Task details
Every line below between the line holding "A couple said" and the line holding "A generac generator", inclusive, should be repeated exactly, and all other lines omitted.

Data in this exercise
+--
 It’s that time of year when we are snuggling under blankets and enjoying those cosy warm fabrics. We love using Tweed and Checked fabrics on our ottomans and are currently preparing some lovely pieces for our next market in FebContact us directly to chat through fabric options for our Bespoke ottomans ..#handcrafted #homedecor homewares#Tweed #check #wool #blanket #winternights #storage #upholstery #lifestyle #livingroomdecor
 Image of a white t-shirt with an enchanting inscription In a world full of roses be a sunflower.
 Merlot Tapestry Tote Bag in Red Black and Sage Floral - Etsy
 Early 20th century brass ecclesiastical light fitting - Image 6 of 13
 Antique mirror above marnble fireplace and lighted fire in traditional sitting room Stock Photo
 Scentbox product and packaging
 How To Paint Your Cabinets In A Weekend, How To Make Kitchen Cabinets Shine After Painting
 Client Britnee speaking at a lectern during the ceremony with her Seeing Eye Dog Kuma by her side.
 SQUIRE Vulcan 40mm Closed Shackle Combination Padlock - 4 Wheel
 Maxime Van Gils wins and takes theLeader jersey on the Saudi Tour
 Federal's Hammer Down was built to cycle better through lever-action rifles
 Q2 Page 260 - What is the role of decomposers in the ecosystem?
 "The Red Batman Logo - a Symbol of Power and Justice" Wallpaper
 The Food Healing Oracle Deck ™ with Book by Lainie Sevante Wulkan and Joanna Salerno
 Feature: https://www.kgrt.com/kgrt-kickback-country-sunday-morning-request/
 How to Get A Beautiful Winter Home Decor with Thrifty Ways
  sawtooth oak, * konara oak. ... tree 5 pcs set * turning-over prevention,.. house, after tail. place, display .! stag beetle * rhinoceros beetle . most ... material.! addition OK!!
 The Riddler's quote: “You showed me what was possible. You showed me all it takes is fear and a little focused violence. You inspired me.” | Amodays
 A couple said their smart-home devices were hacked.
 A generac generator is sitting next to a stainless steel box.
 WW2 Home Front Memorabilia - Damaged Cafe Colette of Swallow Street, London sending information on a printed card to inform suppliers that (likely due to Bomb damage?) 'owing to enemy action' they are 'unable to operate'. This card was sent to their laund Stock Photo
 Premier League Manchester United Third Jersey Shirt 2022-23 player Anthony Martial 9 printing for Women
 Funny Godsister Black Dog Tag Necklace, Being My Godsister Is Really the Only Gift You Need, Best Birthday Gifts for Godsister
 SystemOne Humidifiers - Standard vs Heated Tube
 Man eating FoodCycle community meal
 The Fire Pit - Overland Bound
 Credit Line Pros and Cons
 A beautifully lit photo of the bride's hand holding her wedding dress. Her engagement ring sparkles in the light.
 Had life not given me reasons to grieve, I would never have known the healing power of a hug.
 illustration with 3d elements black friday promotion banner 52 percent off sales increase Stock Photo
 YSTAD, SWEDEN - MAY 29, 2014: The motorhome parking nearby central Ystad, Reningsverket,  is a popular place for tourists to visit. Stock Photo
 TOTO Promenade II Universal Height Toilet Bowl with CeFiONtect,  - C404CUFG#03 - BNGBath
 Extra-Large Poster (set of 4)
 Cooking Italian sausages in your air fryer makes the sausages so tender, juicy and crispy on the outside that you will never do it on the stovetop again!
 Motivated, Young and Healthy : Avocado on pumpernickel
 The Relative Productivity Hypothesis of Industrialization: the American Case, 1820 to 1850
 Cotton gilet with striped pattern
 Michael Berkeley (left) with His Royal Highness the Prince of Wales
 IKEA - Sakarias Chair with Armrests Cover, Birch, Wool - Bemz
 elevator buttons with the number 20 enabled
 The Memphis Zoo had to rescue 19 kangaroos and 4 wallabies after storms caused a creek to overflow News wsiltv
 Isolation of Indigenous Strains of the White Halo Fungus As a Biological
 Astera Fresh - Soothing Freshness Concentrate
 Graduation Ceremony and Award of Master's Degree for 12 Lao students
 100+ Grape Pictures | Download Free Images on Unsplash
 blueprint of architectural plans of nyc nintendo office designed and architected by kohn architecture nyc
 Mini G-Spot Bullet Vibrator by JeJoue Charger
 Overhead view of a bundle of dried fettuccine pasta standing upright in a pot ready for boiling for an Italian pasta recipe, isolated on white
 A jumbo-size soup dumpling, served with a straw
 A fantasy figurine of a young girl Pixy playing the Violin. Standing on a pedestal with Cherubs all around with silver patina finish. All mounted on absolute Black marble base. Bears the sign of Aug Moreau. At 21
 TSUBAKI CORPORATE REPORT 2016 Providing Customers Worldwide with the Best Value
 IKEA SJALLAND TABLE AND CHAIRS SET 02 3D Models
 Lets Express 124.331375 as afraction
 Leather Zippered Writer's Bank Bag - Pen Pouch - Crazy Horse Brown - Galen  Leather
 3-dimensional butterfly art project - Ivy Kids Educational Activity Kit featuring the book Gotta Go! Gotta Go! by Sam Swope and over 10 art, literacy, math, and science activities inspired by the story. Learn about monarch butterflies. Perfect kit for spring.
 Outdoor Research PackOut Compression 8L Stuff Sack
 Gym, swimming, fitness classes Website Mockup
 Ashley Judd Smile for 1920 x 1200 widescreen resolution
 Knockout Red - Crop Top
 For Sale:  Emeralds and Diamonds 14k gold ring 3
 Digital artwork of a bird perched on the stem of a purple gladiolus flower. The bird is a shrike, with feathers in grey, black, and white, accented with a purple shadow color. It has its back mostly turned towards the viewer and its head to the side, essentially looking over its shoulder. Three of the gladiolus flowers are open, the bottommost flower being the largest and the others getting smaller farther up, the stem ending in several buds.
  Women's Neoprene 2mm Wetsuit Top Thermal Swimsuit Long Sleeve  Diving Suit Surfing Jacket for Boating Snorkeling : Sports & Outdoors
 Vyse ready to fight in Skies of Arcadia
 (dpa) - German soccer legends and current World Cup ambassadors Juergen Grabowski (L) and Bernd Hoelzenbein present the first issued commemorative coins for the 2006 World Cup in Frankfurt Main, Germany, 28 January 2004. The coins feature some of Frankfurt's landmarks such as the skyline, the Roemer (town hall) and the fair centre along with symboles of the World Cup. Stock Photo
+--
Written response
 A couple said their smart-home devices were hacked.
 A generac generator is sitting next to a stainless steel box.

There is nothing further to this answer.